Work required: The answer consists solely of the lines running from the one with "The Mercato - Building" through the final line below, transcribed exactly and without any pictures.

Dataset excerpt:
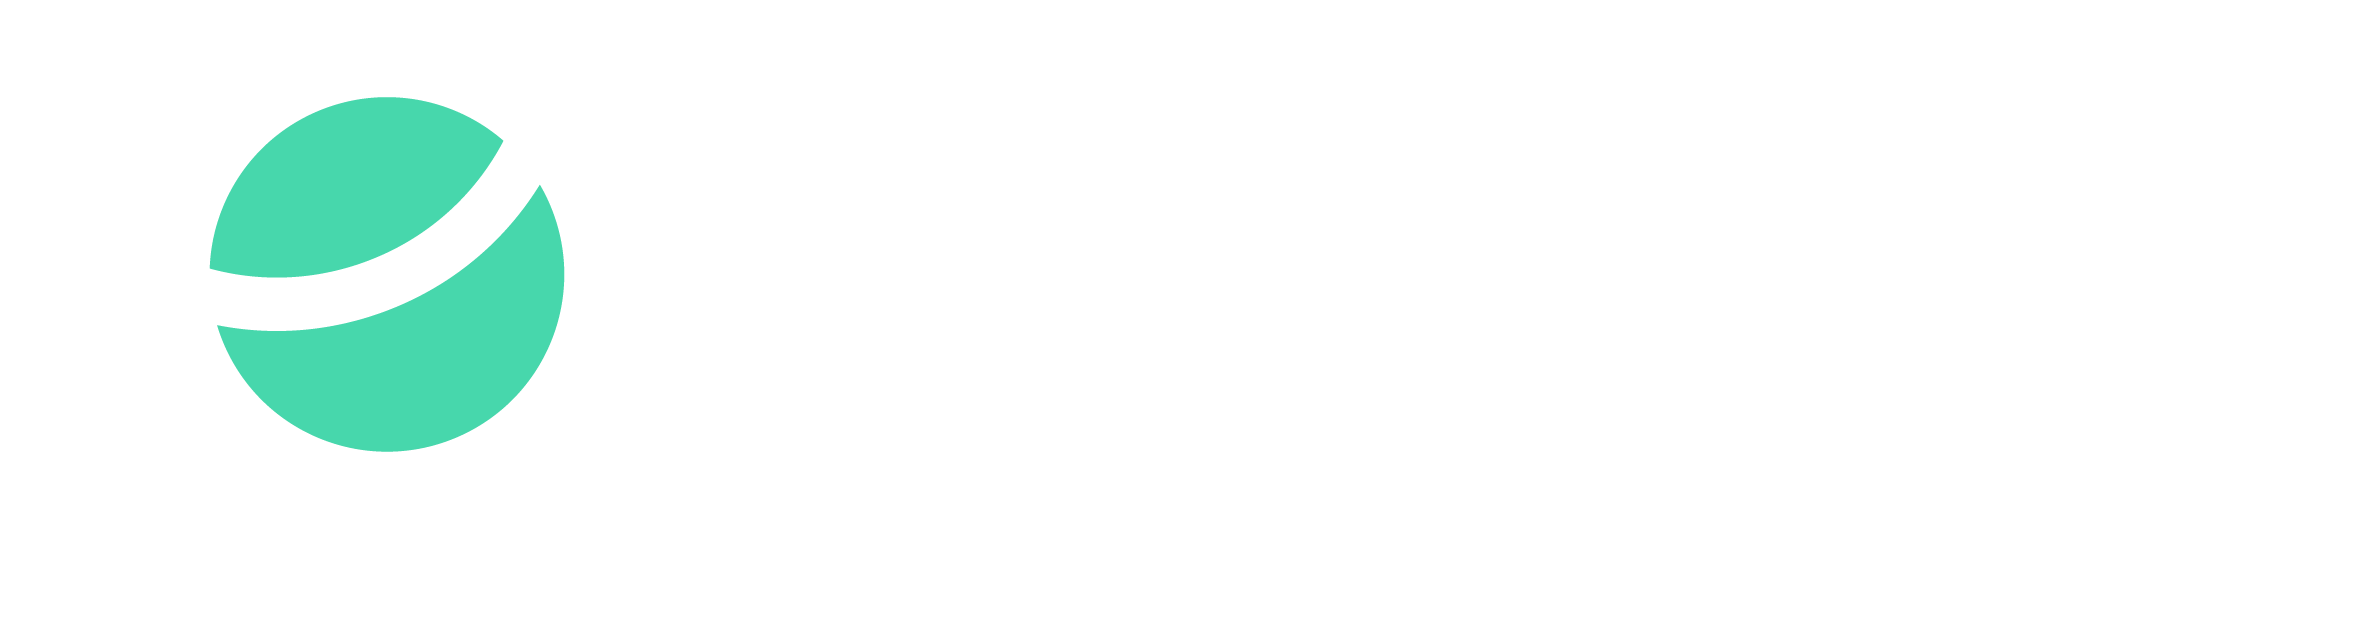 Elevate Flex logo
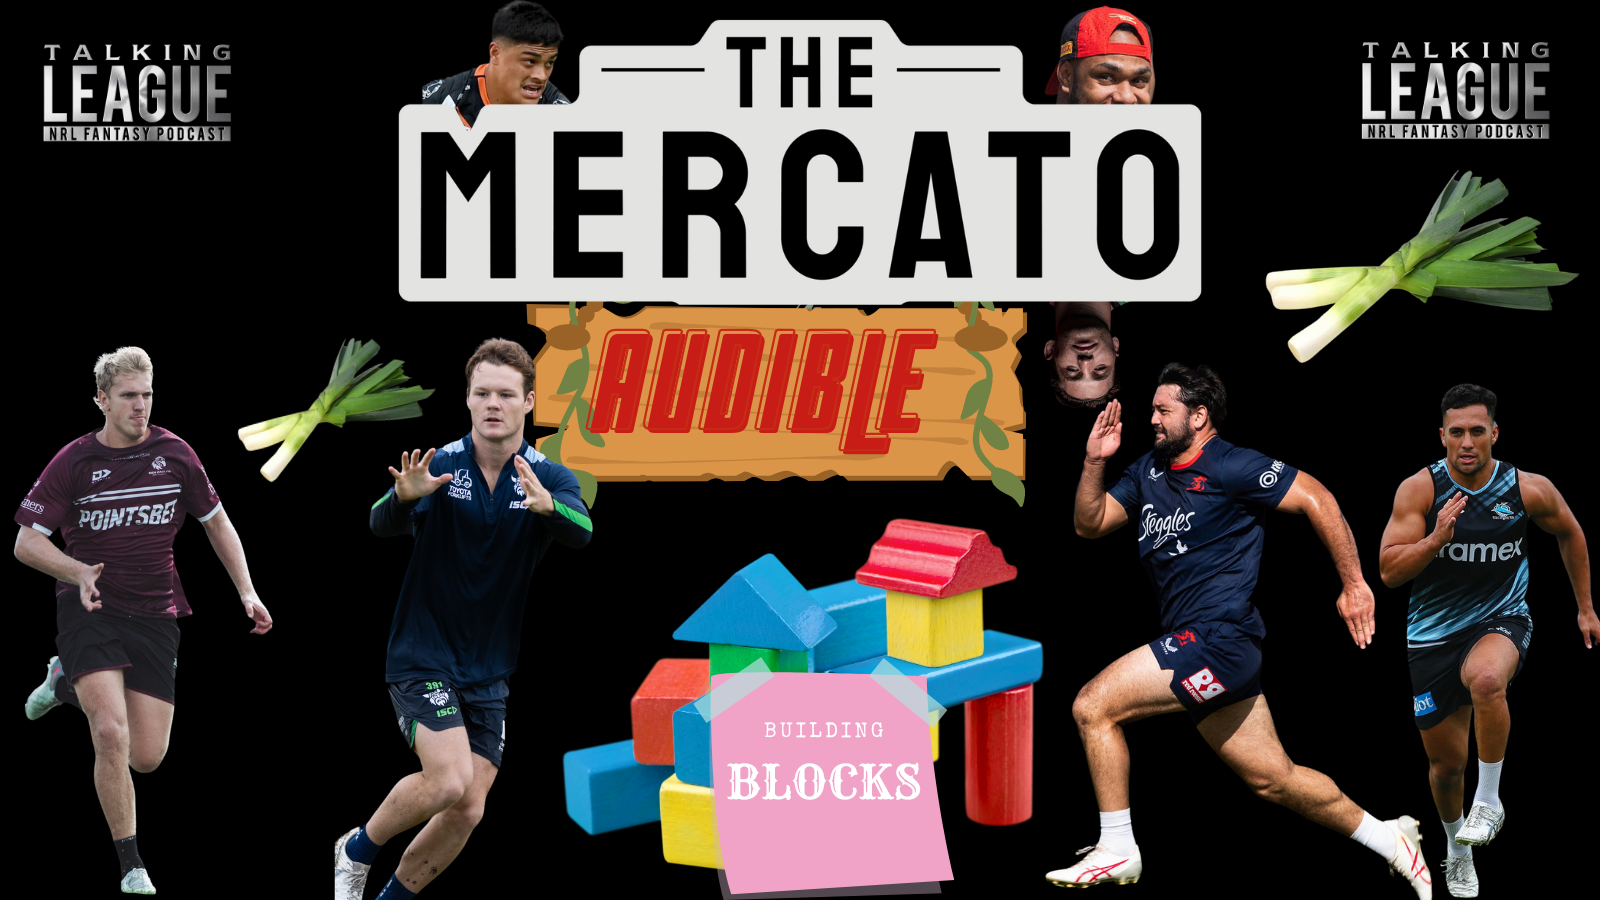 The Mercato - Building Blocks (Talking League)
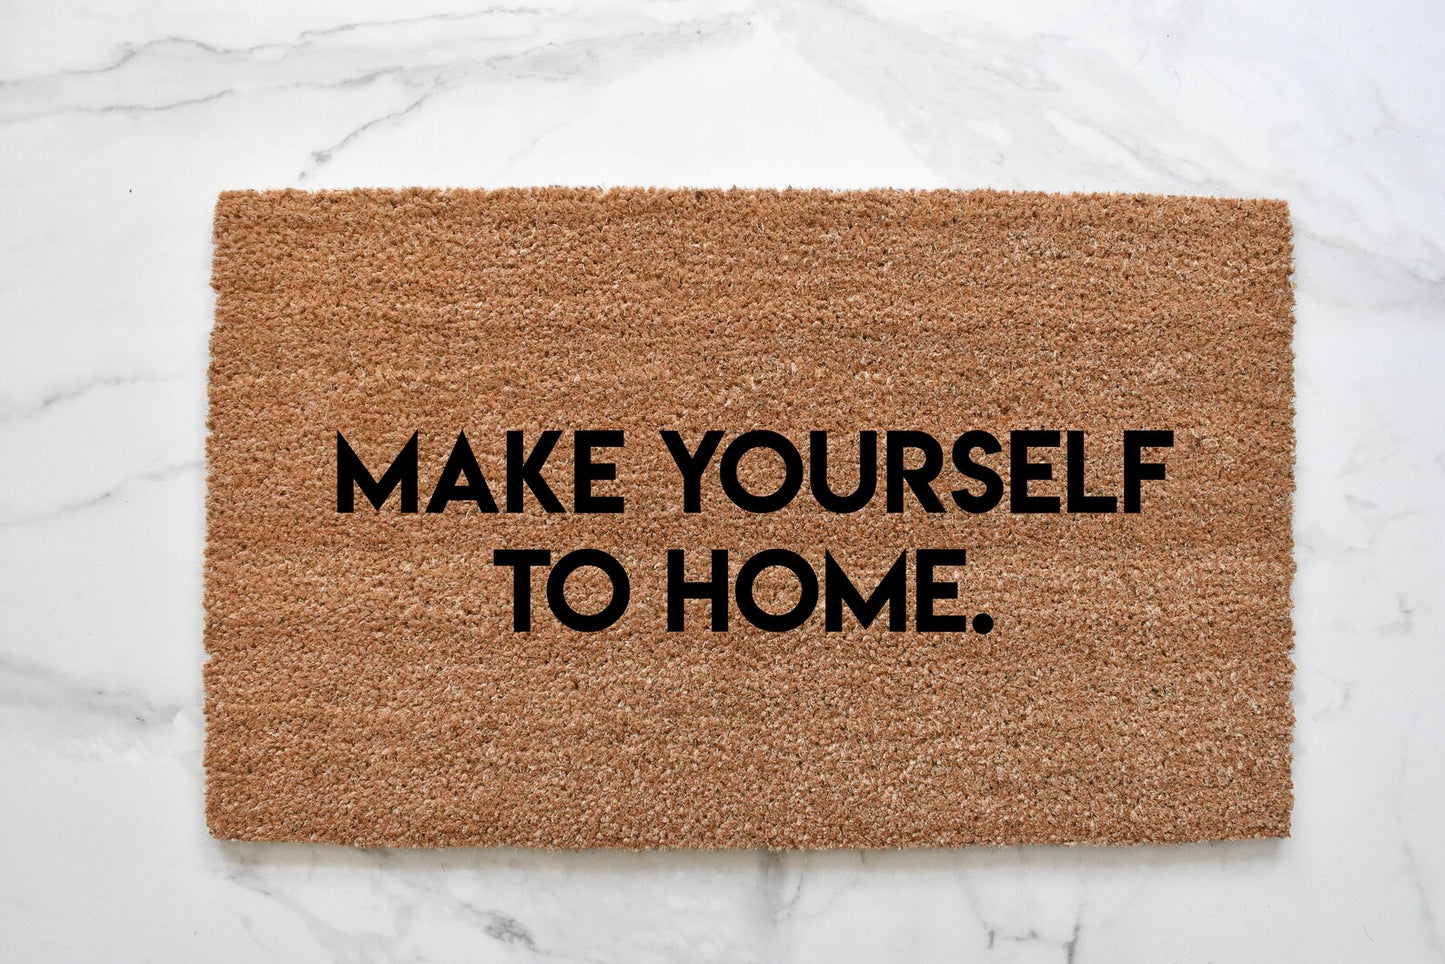 Make Yourself To Home Doormat

Result for this exercise:
 The Mercato - Building Blocks (Talking League)
 Make Yourself To Home Doormat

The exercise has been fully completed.